Partial trace ID not resolving

  • Use the full 32-character trace ID
  • Or increase the search window with since: "7d"

Known Limitations

  • Error rates are approximated, not precise. get_error_rate counts log lines in Loki as a proxy for error rates. This is not real metrics -- it's an approximation. Until the OTel Collector is configured to export metrics to Prometheus, there is no request-level error rate data available.
  • Dev-environment only. The entire stack depends on Docker Compose being up. This is IDE-integrated debugging for local development, not production observability.
  • Only as good as the telemetry. If a service has poor span coverage or doesn't propagate trace context correctly, the trace data will have gaps. The MCP tools can't fix bad instrumentation -- they surface what the services emit.
  • compare_traces matching is inherently fuzzy. Span matching across two different traces relies on heuristics (operation name, service, parent). Structural differences from conditional code paths, retries, or fan-out variations can make comparisons noisy. The three matching strategies (default, strict, loose) help, but aren't perfect.
  • No real-time streaming. All tools are request/response. There is no live tail of logs or traces -- each query is a point-in-time snapshot.

Roadmap

This MCP server currently runs locally against local Loki/Tempo/Prometheus and fp-mono api-gateway.

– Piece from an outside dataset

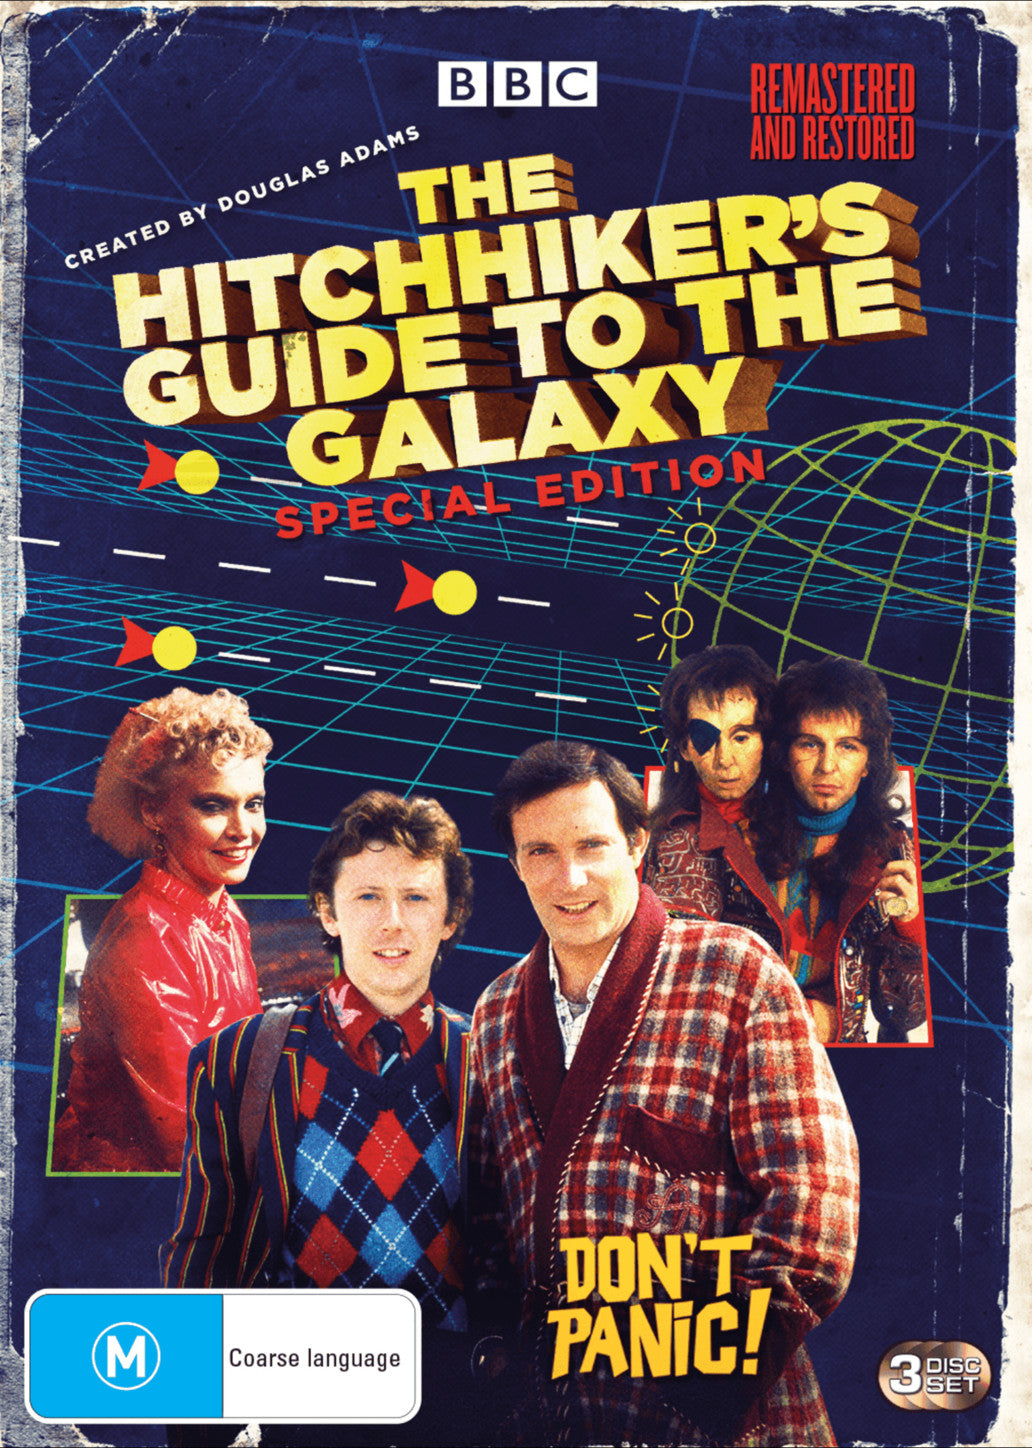 HITCHHIKER'S GUIDE TO THE GALAXY, THE (1981) (SPECIAL EDITION)

The goal is to deploy it as a production MCP server for live agent-assisted debugging.

Production Deployment

  • [ ] Add authentication layer (API key or OAuth) for production Loki/Tempo/Prometheus access
  • [ ] Set OBSERVABILITY_API_KEY in production for error registry + deep health access
  • [ ] Add TLS support for all client connections
  • [ ] Deploy as a standalone service (Docker container or serverless function)
  • [ ] Add rate limiting to prevent runaway agent queries against production observability stack
  • [ ] Add read-only query guards (prevent agents from running expensive unbounded queries)
  • [ ] Support remote MCP transport (SSE or HTTP) instead of stdio for production use
  • [ ] Add multi-environment support (staging vs production) via environment selector

Tool Enhancements

  • [ ] Configure OTel Collector to export metrics to Prometheus for real request-level error rates (replacing Loki log-count approximation)
  • [ ] Add TraceQL support to search_traces for advanced trace querying
  • [ ] Add Grafana dashboard links in get_trace and get_error_rate output
  • [ ] Correlate Temporal workflow executions with their traces and logs in a single view
  • [ ] Proactive anomaly surfacing -- detect elevated error rates or degraded services on session start instead of waiting for the user to ask
  • [ ] Implement gRPC Health Checking Protocol (grpc.health.v1) on all microservices for cleaner deep health checks

Integrations

  • [ ] Add alerting integration (query PagerDuty/OpsGenie for active incidents alongside trace data)
  • [ ] Link to Temporal UI for workflow-level debugging when traces span workflow activities

License

MIT